Капитан Фракасс - Готье Теофиль. Страница 7
Однако эти досадные мелочи не мешали донне Серафине иметь осанку королевы без королевства. Если одежда ее была потрепанна, то лицо дышало свежестью, – а кроме того, этот туалет казался ослепительным молодому барону де Сигоньяку, непривычному к такой роскоши и видевшему на своем веку лишь крестьянок в юбках из грубой шерсти и в коломянковых чепцах. К тому же он был слишком занят глазами красотки, чтобы обращать внимание на изъяны ее наряда.
Изабелла была моложе донны Серафины, как того и требовало амплуа простушки. Она не позволяла себе рядиться кричаще, довольствуясь изящной простотой, приличествующей дочери Кассандра, девице незнатного рода. У нее было миловидное, почти детское личико, шелковистые русые волосы, затененные длинными ресницами глаза, ротик сердечком и девическая скромность манер, скорее естественная, нежели наигранная. Корсаж из серой тафты, отделанный черным бархатом и стеклярусом, спускался мысом на юбку того же цвета. Гофрированный воротник поднимался сзади над грациозной шеей, где колечками вились пушистые волосы, а вокруг шеи была надета нитка фальшивого жемчуга. Хотя с первого взгляда Изабелла меньше привлекала внимание, чем Серафина, зато дольше удерживала его. Она не ослепляла – она пленяла, что, безусловно, более ценно.

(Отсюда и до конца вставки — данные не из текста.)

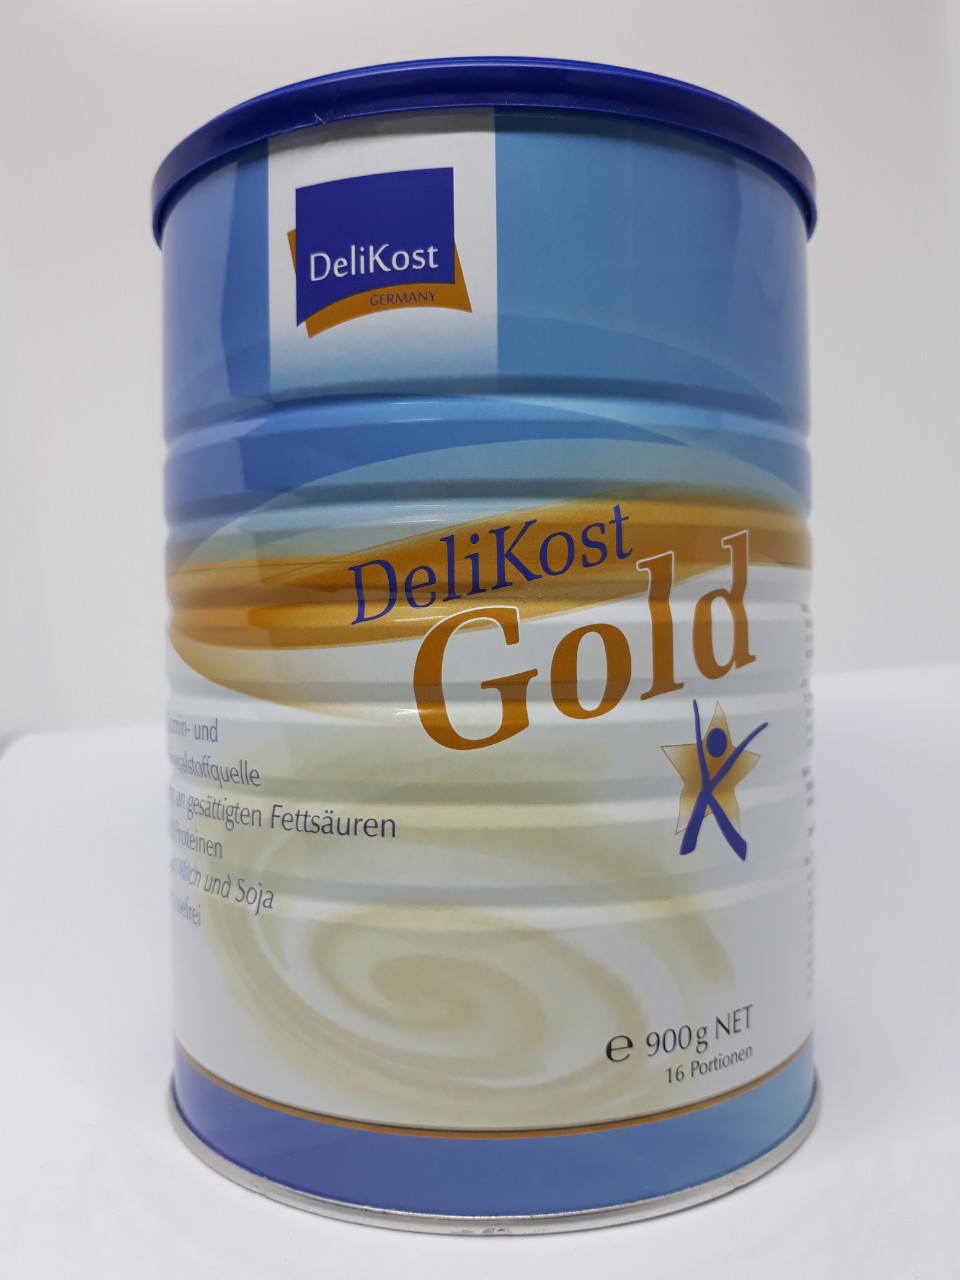 Sữa Delikost Gold 900g

Субретка полностью оправдывала прозвище morenа, которое испанцы дают черноволосым женщинам. Кожа у нее была золотисто-смуглого оттенка, свойственного цыганкам. Жесткие курчавые волосы были чернее преисподней, а карие глаза искрились бесовским лукавством. Между яркими пунцовыми губами ее большого рта то и дело белой молнией вспыхивал оскал зубов, которые сделали бы честь молодому волку. Словно опаленная зноем страсти и огнем ума, она была худа, но той молодой здоровой худобой, которая только радует взор. Без сомнения, она и в жизни и на театре наловчилась получать и передавать любовные записки. Какой же уверенностью в своих чарах должна была обладать дама, пользующаяся услугами подобной субретки! Немало пылких признаний, проходя через ее руки, не попали по назначению, и не один волокита, забыв о возлюбленной, замешкался в передней. Она была из тех женщин, которые некрасивы в глазах подруг, но неотразимы для мужчин и будто сделаны из теста, сдобренного солью, перцем и пряностями, что не мешает им проявлять хладнокровие ростовщика, чуть дело коснется их интересов. На ней был фантастический наряд, синий с желтым, и мантилья из дешевых кружев.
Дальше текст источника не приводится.